ANSWERS: 8
  • The legal definition in most states in the U.S. say when they are removed from the womb
  • Legal rulings will vary between jurisdictions. Because, inconvenient though it is, life is not an on/off switch - at either end. In both cases there is definitely not live, and definitely live - and a significant area in between.
  • Yes, and it changes from place to place. It is normally regarded as the time after contraception that you can still have an abortion. However, i know that in the UK that if you kill a baby before it has been born, then it does not count as a murder.
  • No. Courts have determined when a fetus becomes a person so that legal rights vest, but no court (in the U.S.) has made a determination as to when life begins. And I suspect no precedent setting court ever will. This is a scientific (or maybe a religious) question, but not a legal one. Scientists have determined when life begins (i.e. at conception), but the law does not really care about this. why? Because it is irrelevant. For example, historically, you could only murder a fetus if it were born alive. If I punched you in the stomach at 9.5 months, and you miscarry, I would have only been charged with murder if your fetus was born alive and then died. The reason for this is child birth was dangerous, and nearly half of all children were still born. As medical science advanced, so did the law. Today, in nearly every state, you can be charged with murder if you kill a fetus (note the exact timing varies by state). This is because today, even premature babies, have a high survival rate. However, whether you look at historic law or the currents law, the point life begins is irrelevant. Similarly, in Roe v. Wade (and it progeny), the Supreme Court held that a woman has the right to an abortion so long as the fetus is not viable. Thus, even if life begins at conception, the court only cares about whether or not the fetus could live separated from the mother. As a side note: I am willing to predict that the right to an abortion will eventually be abolished WITHOUT overruling Roe v. Wade. Why? As medical science advances, eventually a fetus will be viable shortly after conception. If this is true, then that is when a mothers right to abort will end (regardless as to whether when life begins).
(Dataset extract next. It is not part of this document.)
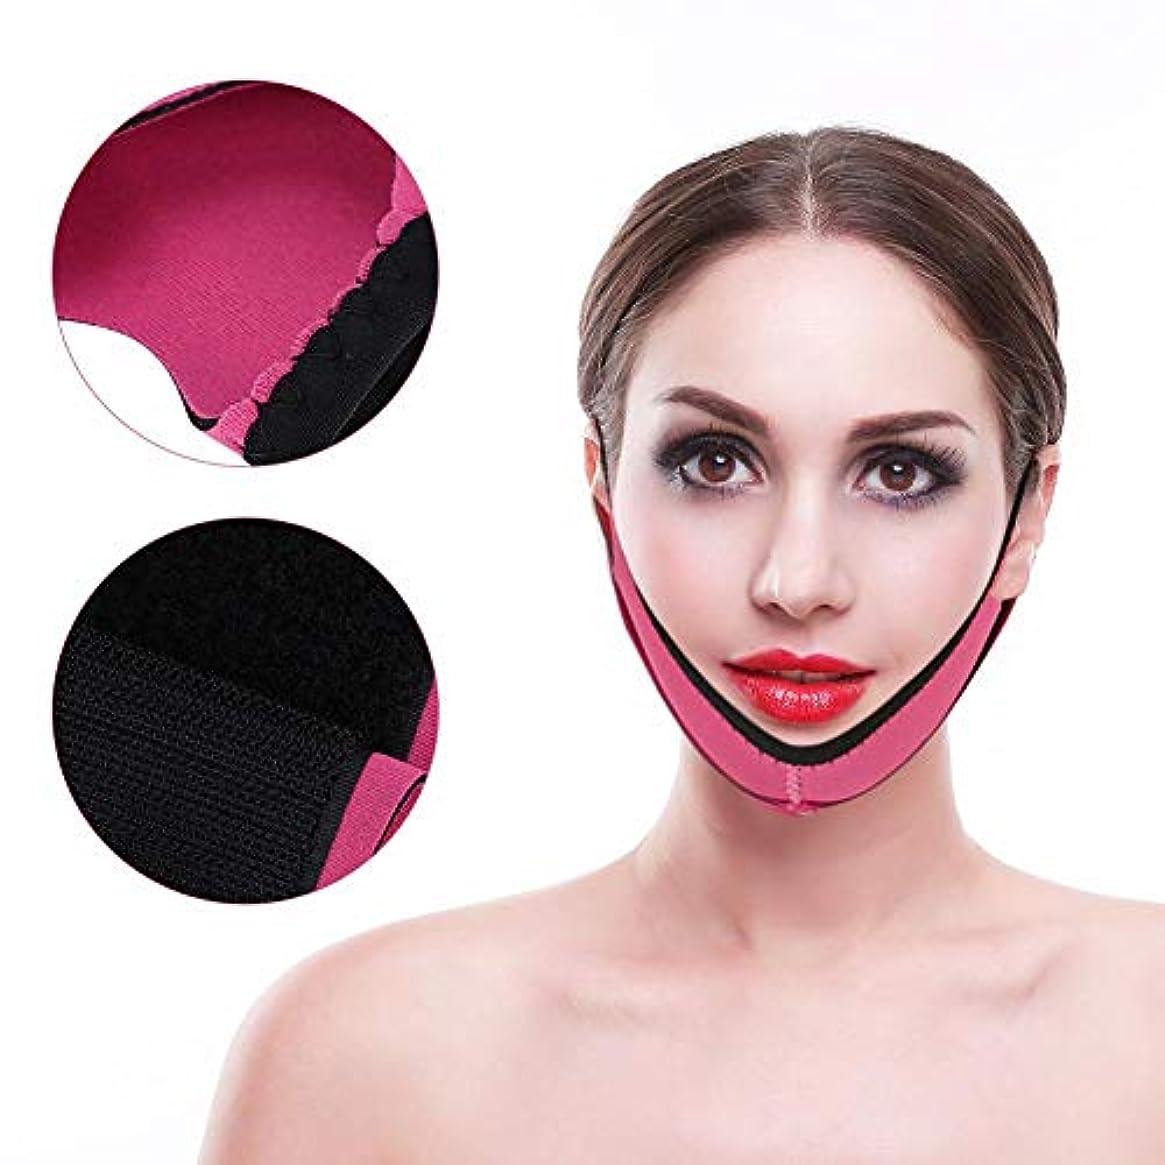 まもなく尽きる苦行Vフェイスラインベルト、超薄型ストラップバンドVフェイスラインベルトは、二重あごと顔面筋の弛緩を効果的に改善します。

  • The federal law bans "partial-birth abortion," a legal term of art, defined in the law itself as any abortion in which the baby is delivered feet-first "past the [baby's] navel . . . outside the body of the mother," or "in the case of a head-first presentation, the entire fetal head is outside the body of the mother," before being killed. The complete official text of the law, in a searchable format, is here. In recent months, some commentators, including Linda Greenhouse of The New York Times and Kenneth Jost of Congressional Quarterly, have argued that the term "partial-birth" is misleading because the method is usually used months before the end of a full-term pregnancy. (It is most often used in the fifth and sixth months, but sometimes later.) These objections rest on a baffling failure to recognize that legal "live births" commonly occur long before full term -- indeed, "live births" are commonplace even early in the fifth month of pregnancy. Legally, under the laws of virtually every state and under federal law, once a human is entirely outside the mother and draws breath, or shows other signs of life such as heartbeat or movement of voluntary muscles, a live birth has occurred, and all the protections of law attach — whether or not the baby is “viable” (capable of long-term survival). At the stages of development at which most partial-birth abortions are performed, the great majority of babies would be legal “live births” if they were expelled by spontaneous premature labor, and many would be long-term survivors. For further discussion of the relationship between the legal definition of "live birth" and the legal definition of "partial-birth," click here. In February 1997, Ron Fitzsimmons, the executive director of the National Coalition of Abortion Providers, told the New York Times that “in the vast majority of cases” the method is used on “a healthy mother with a healthy fetus that is 20 weeks or more along” (New York Times, Feb. 26, 1997). Twenty weeks is halfway through a full-term pregnancy — the middle of the fifth month. http://grove.ufl.edu/~prolife/ Couldn't post as a comment for some reason
  • No. Because it cannot be medically determined either
  • If you consider this to be a legal issue, the original law given to the Isrealites stipulated the course of action when a "pregnant woman" was injured by someone. Exodus chapter 21 verse 23 states "But if a fatality does occur, then you must give life for life,*+ 24 eye for eye, tooth for tooth, hand for hand, foot for foot..." This helps us to view the matter from God's perspective, a fatal injury to the unborn child meant that the offender should also lose his/her life. The scientific definition of life: After the egg is fertilized by a sperm and then implanted in the lining of the uterus. If you have an opportunity to read the entire account in Exodus you will see that the term "eye for an eye" is referring to an incident affecting the health of an unborn child in direct relation to a physical altercation involving a pregnant woman.